## DATASET CONTENT
────

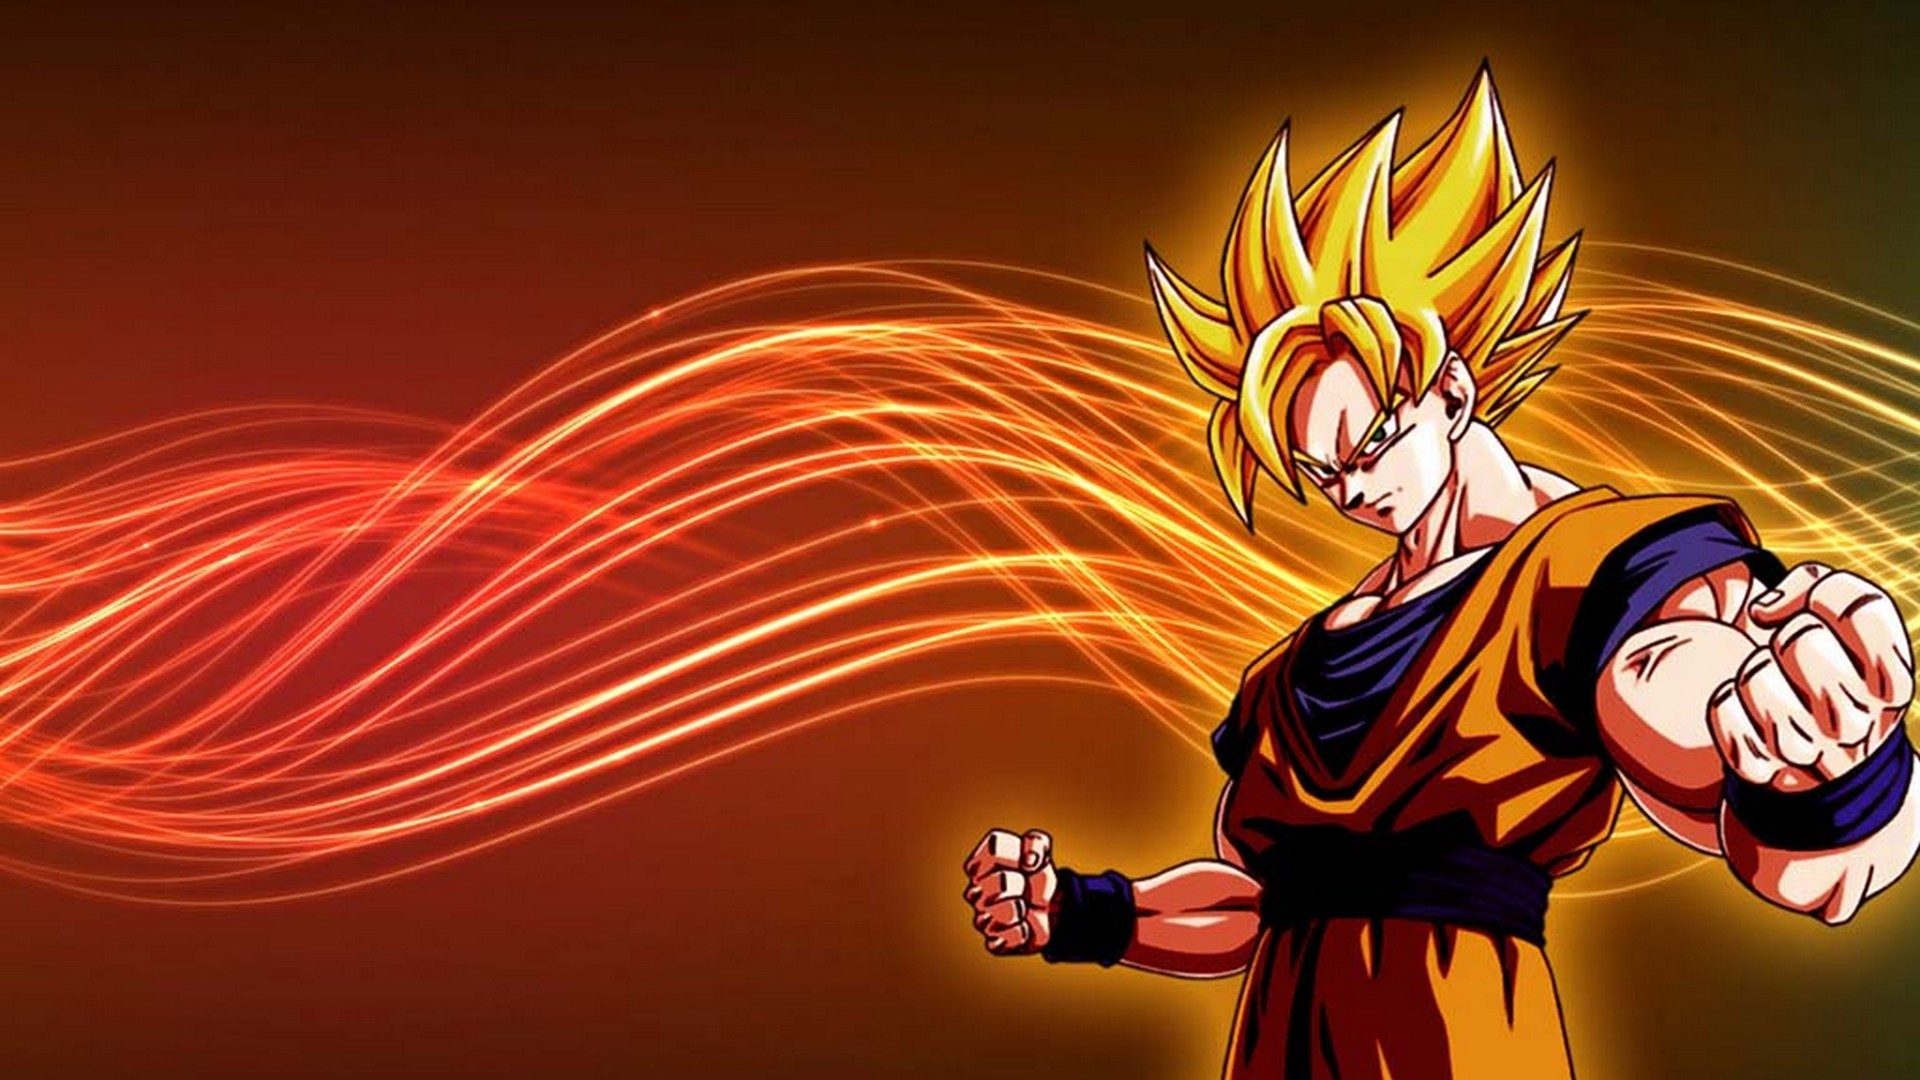 Goku Super Saiyan Desktop Backgrounds with image resolution 1920x1080 pixel. You can make this wallpaper for your Desktop Computer Backgrounds, Mac Wallpapers, Android Lock screen or iPhone Screensavers
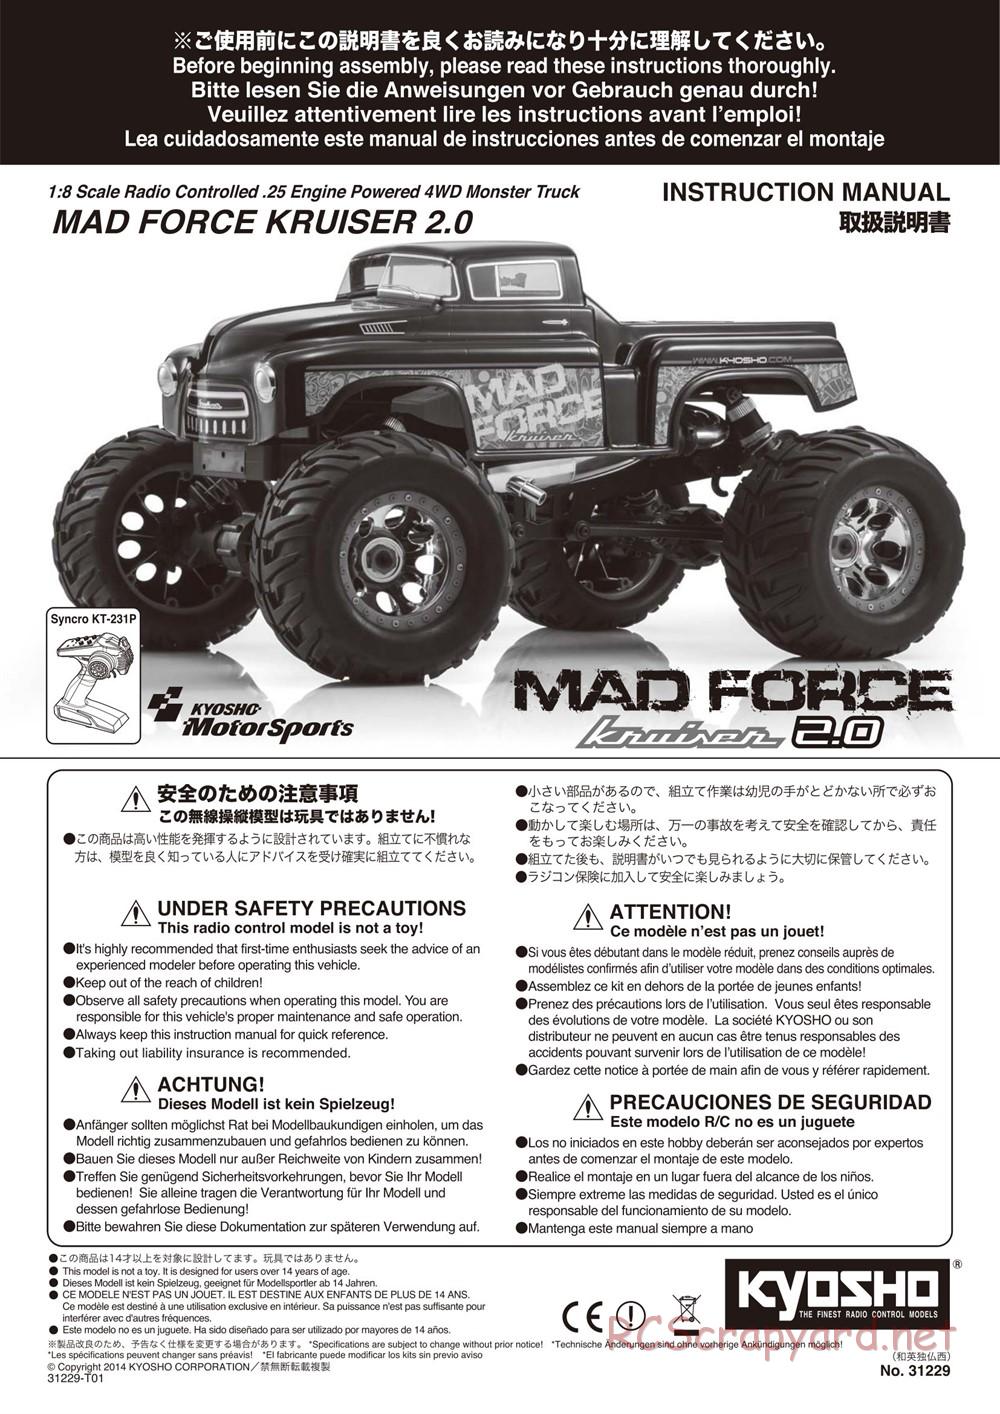 Kyosho - Mad Force Kruiser 2.0 - Manual - Page 1
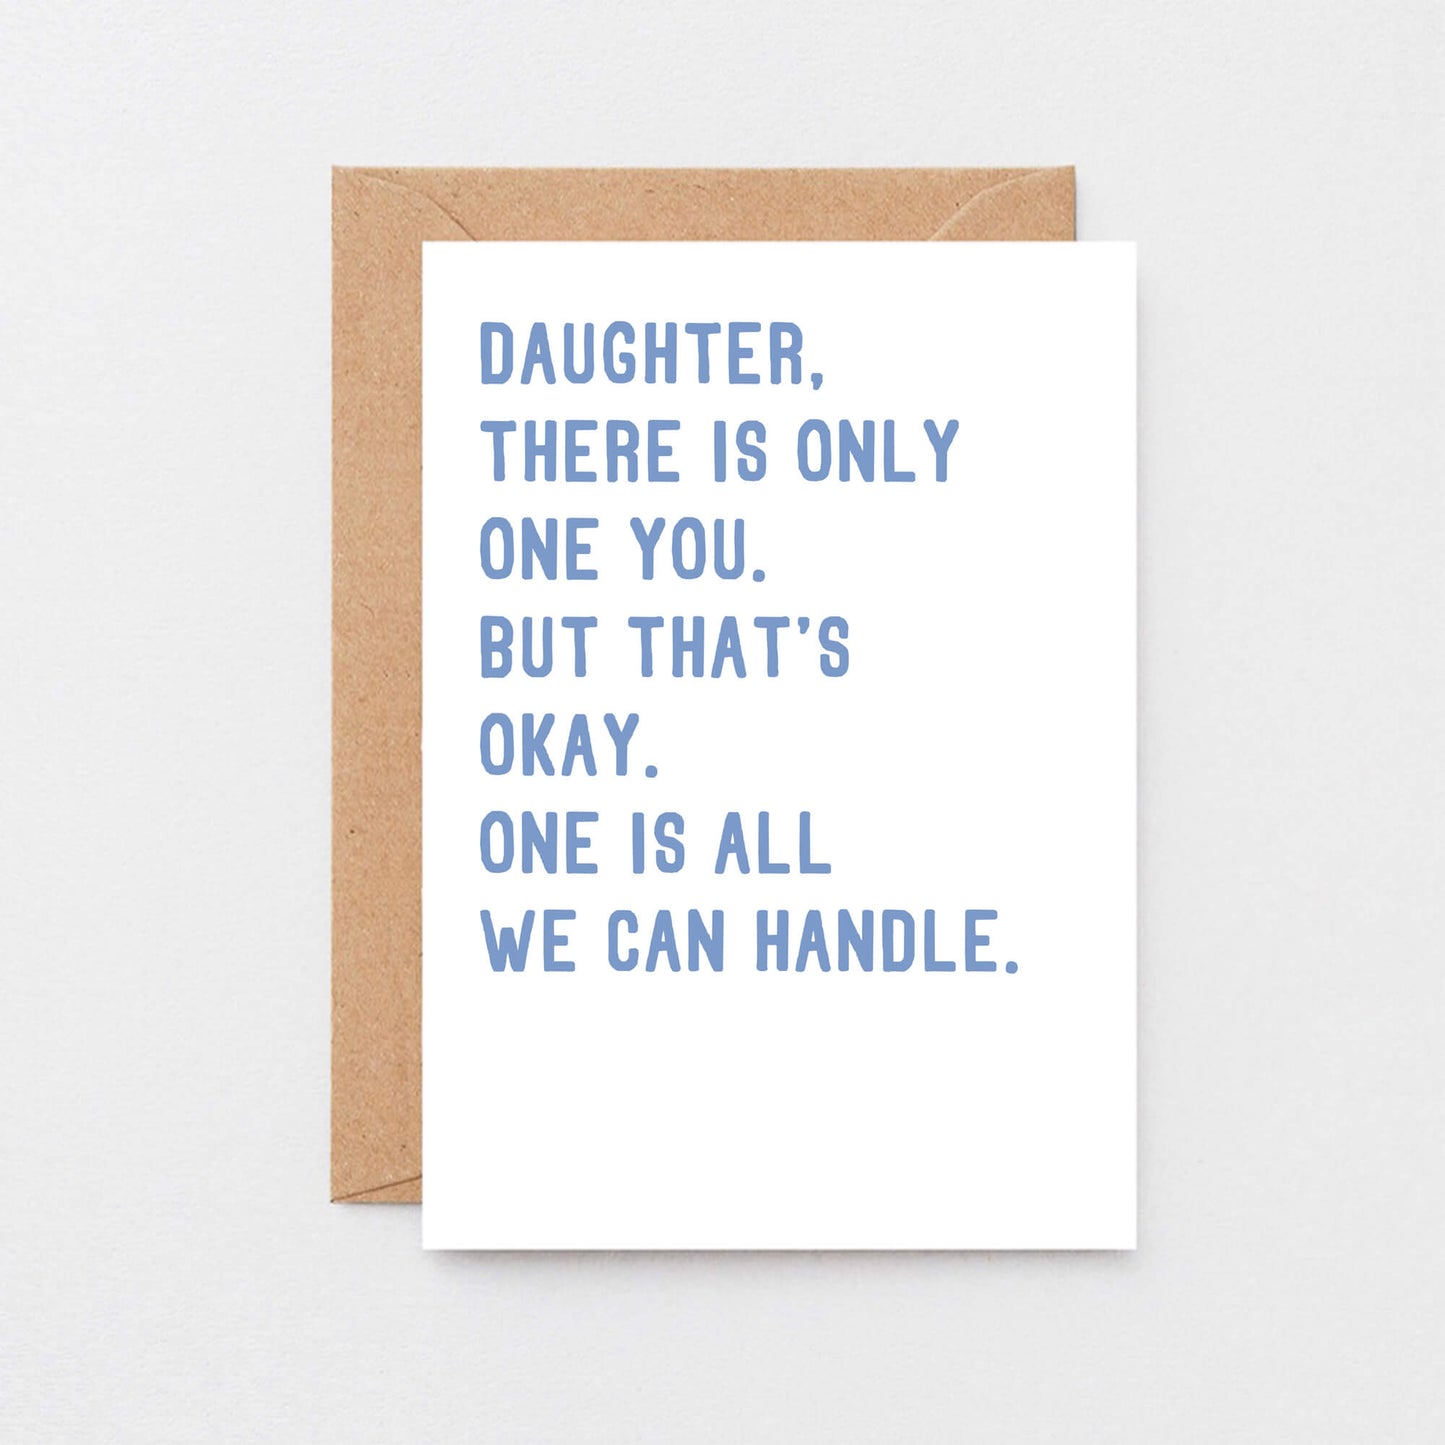 Daughter Card by SixElevenCreations. Reads Daughter, there is only one you. But that's okay. One is all we can handle. Product Code SE2024A6
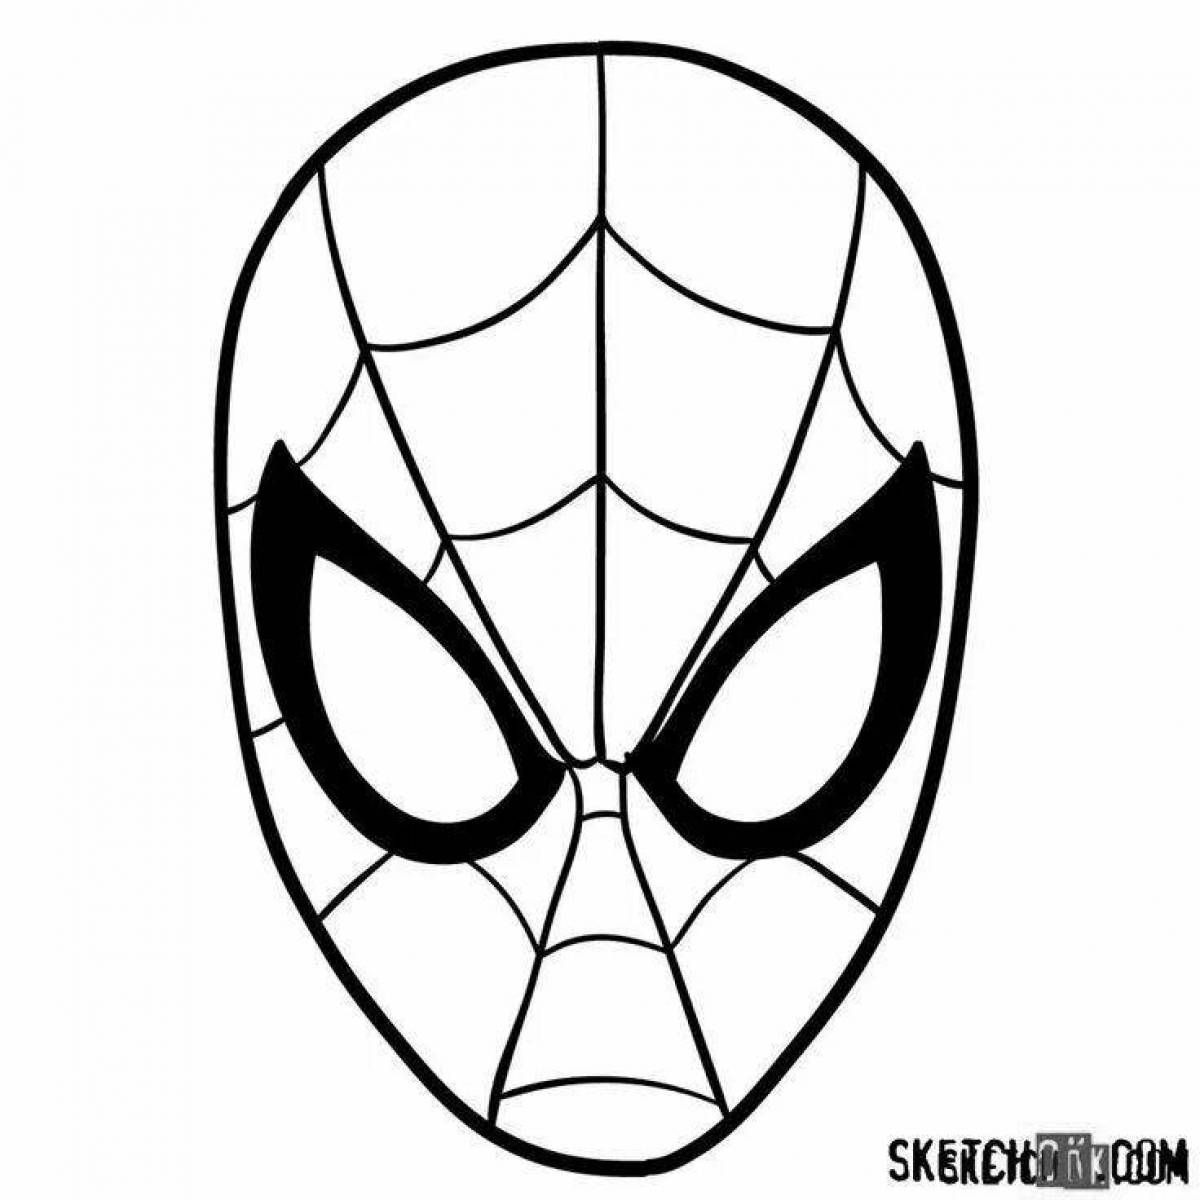 Spiderman animated mask coloring page

────

## WORK ORDER
The required output is the span of lines from the line with "Daughter Card by" through the final line of the listing above, reproduced exactly, minus the pictures.

## EXERCISE ANSWER
 Daughter Card by SixElevenCreations. Reads Daughter, there is only one you. But that's okay. One is all we can handle. Product Code SE2024A6
 Spiderman animated mask coloring page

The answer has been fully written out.